The document summarizes research on whether gestures are universal or language-specific. It describes studies finding differences in gestures between languages and how gestures influence language acquisition. The presented study showed subjects videos of speakers of different languages with faces covered and had them identify if the speakers were speaking English. Subjects were mostly able to identify non-English speakers by their gestures. The study concluded gestures may be specific to languages and there is a perception of what English gestures look like.
2. Background Data
There have been many studies documenting the differences
in gestures between languages.
The same gesture can have different meanings in different
languages.
Also, the same concept can have different gestures across
languages.
3. Previous Research
By having native English and native Spanish speakers describe
the same cartoon, McNeill found that the English speakers
used more path descriptions accompanied by segmented and
extreme gestures whereas Spanish speakers used more
manner terms, less segmented and less extreme gestures.
4. More Research
One observation that has been studied extensively is the
difference between Italian and American gestures. Iverson et.
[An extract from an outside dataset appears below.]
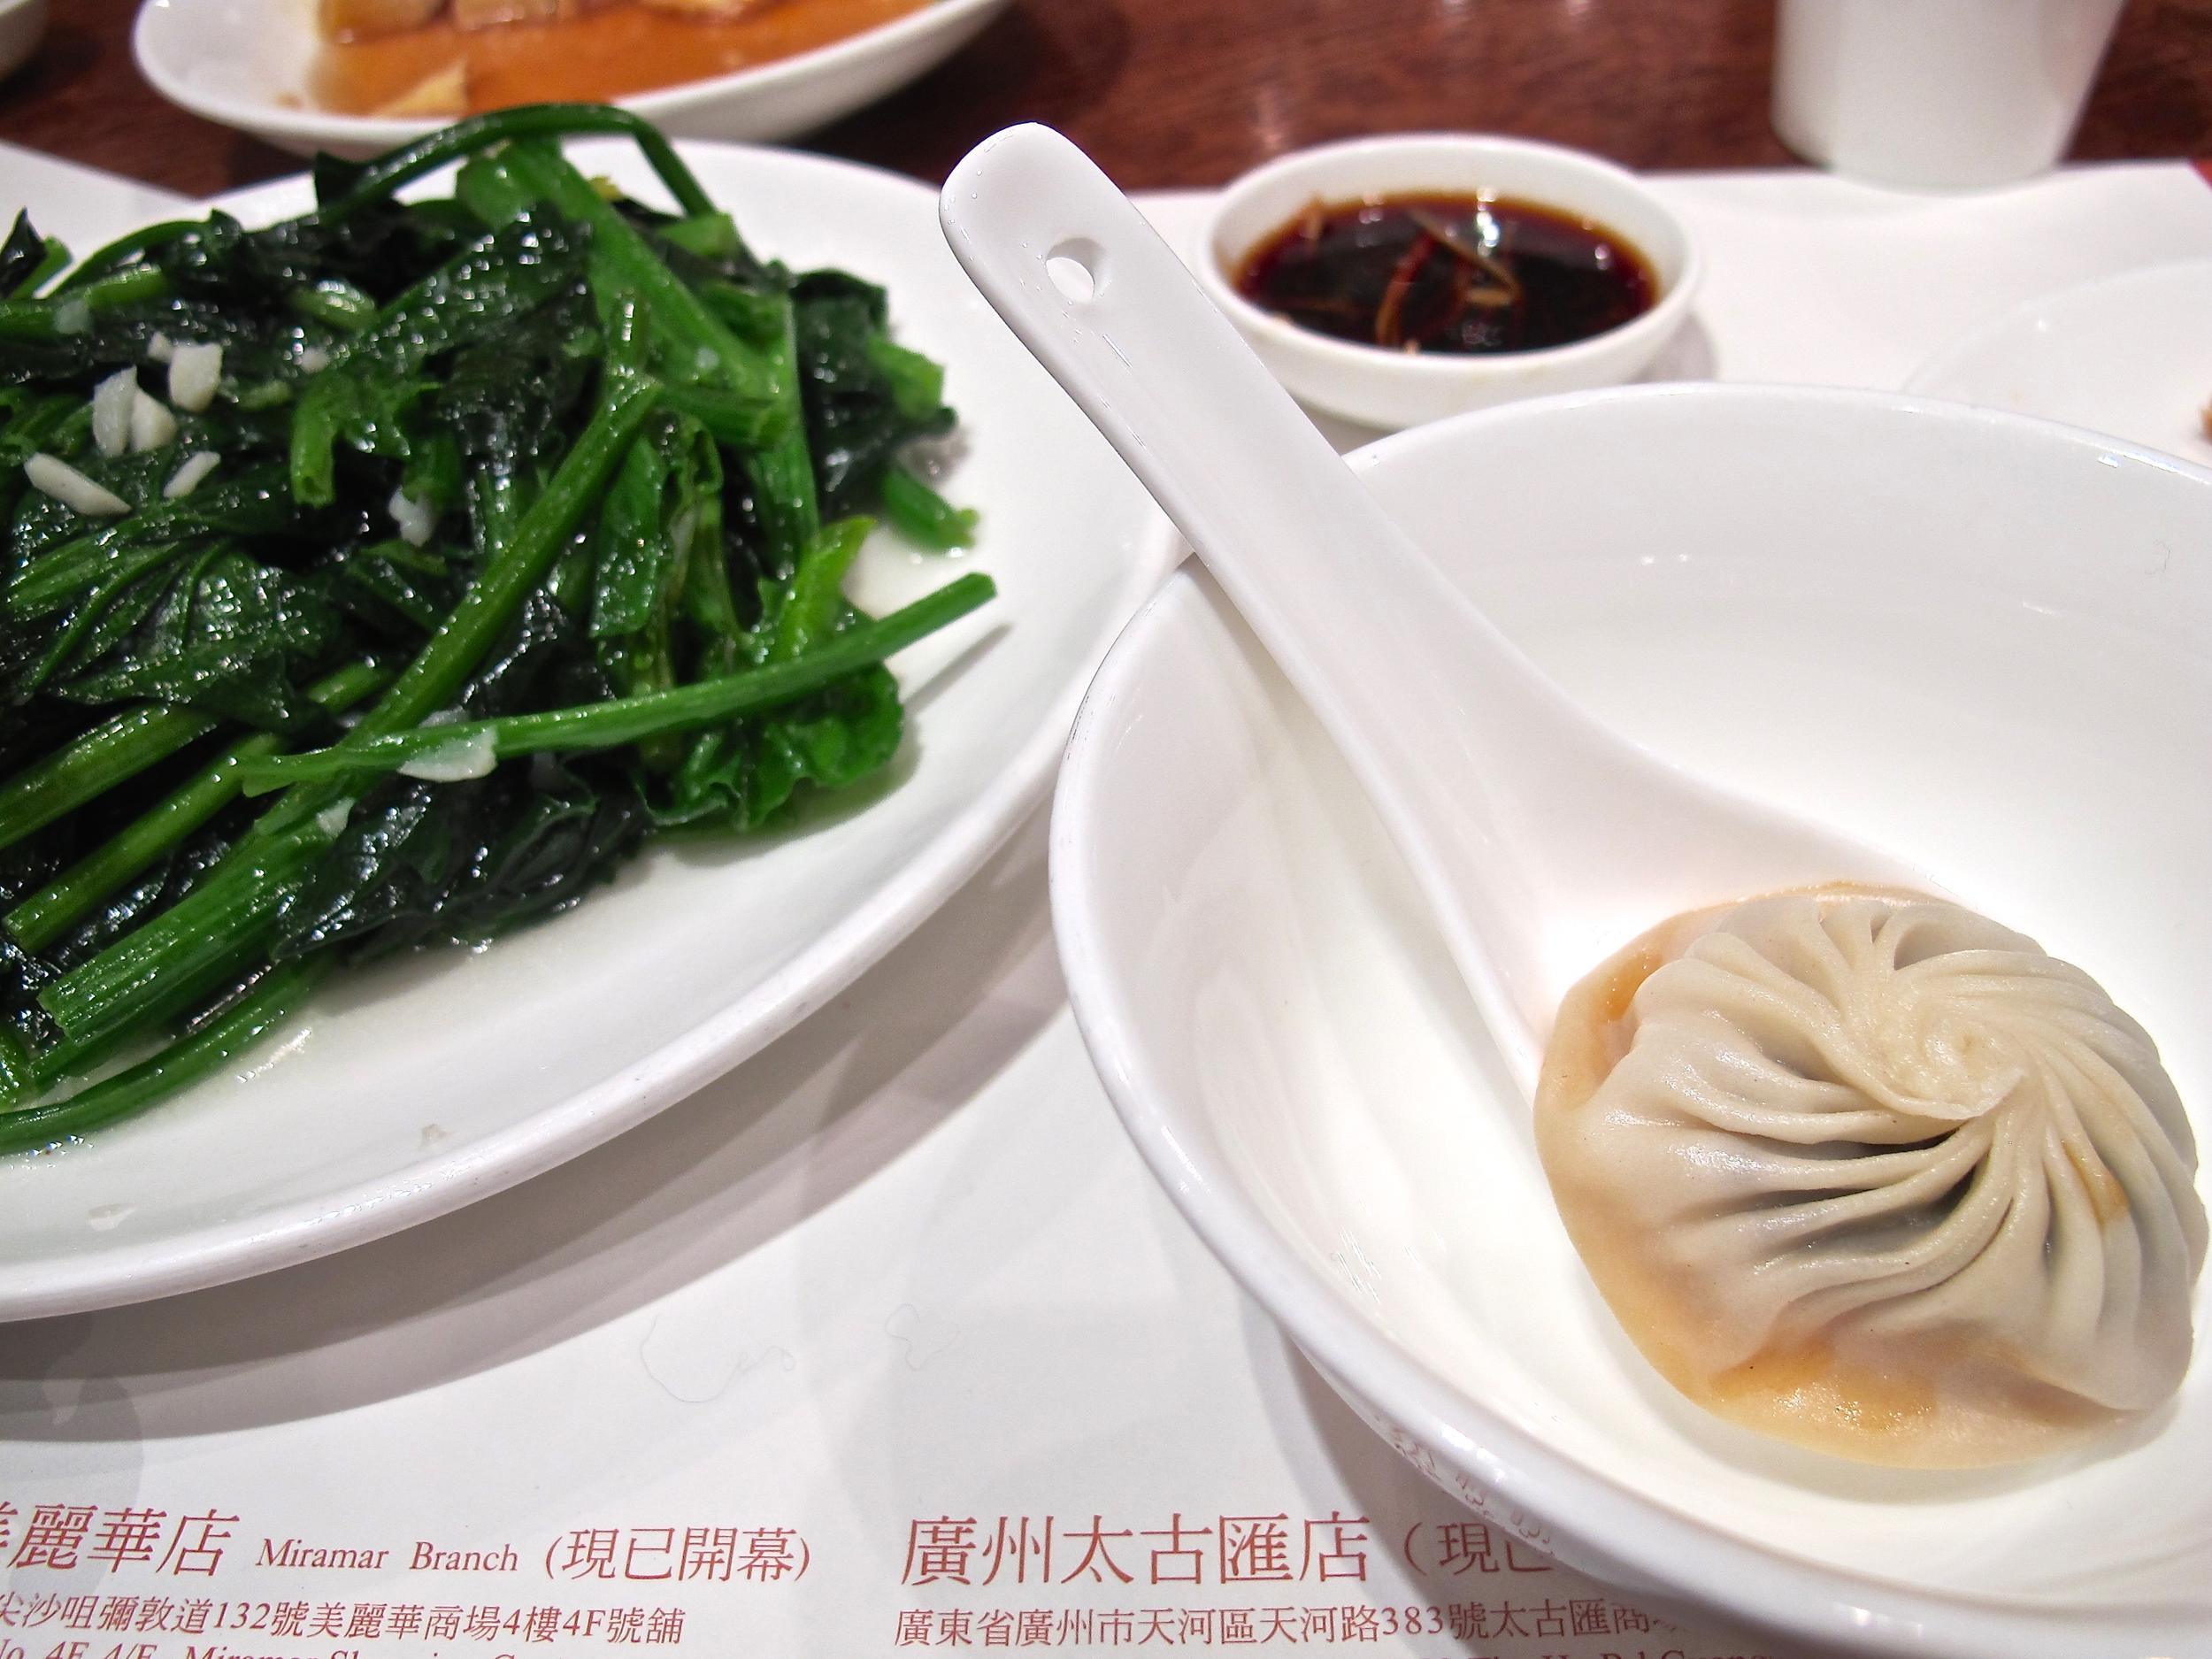 Din Tai Fung Hong Kong.JPG

Al. found that these differences influence language
acquisition such that Italian children enter the two-word
stage later than American children.
5. A bit more research
Lastly, a study by Maynard found that Japanese speakers nod
3 times as often in conversations. They nod at different parts
in the sentence and possibly for different reasons.
6. Hypothesis
Gestures can be used to inform the listener about the speaker.
If gestures are specific to a language then English speakers will
be able to identify other English speakers by their gestures.
7. Methods
Showed subjects 6 YouTube videos featuring speakers of
different languages.
The clips had 10 – 30 seconds straight of gesturing that
would allow us to cover the speaker’s faces
Then we asked them the following questions:
8. Survey questions
What is your native language?
Do you speak any other languages?
What gender are you?
Are these people speaking English or not? Why?
9. Results
Overall, the subjects were good at figuring out which
speakers were not speaking English
More Asians knew that the Asian videos were not English
than any other ethnicity
More people thought that French was English than British
English
Most people thought the American in the Italian setting was
not speaking English
10. Results con’t.
The subjects gave many reasons for why they chose English
or non-English. Among the most common were:
The speaker’s gestures reminded them of someone they knew
Background
Hand and arm movements (gestures)
11. Criteria for hand and arm movements
Most of the no answers were because the gestures were too
quick or too much.
Most of the yes answers said that English gesturing is more
informal, slower, calmer and smaller.
Different subjects used the same criteria to draw different
conclusions
12. Problems
Did not counterbalance e.g. did not show videos in different
orders.
Didn’t control for setting e.g. different clothes, backgrounds
etc.
We didn’t specify which dialect of English we were asking
about.
13. Conclusion
Even though the subjects were not able to identify English
speakers by their gestures they were able to identify non-
English speakers by their gestures.
Our most interesting finding was that there is a prevalent
perception of what English gestures look like.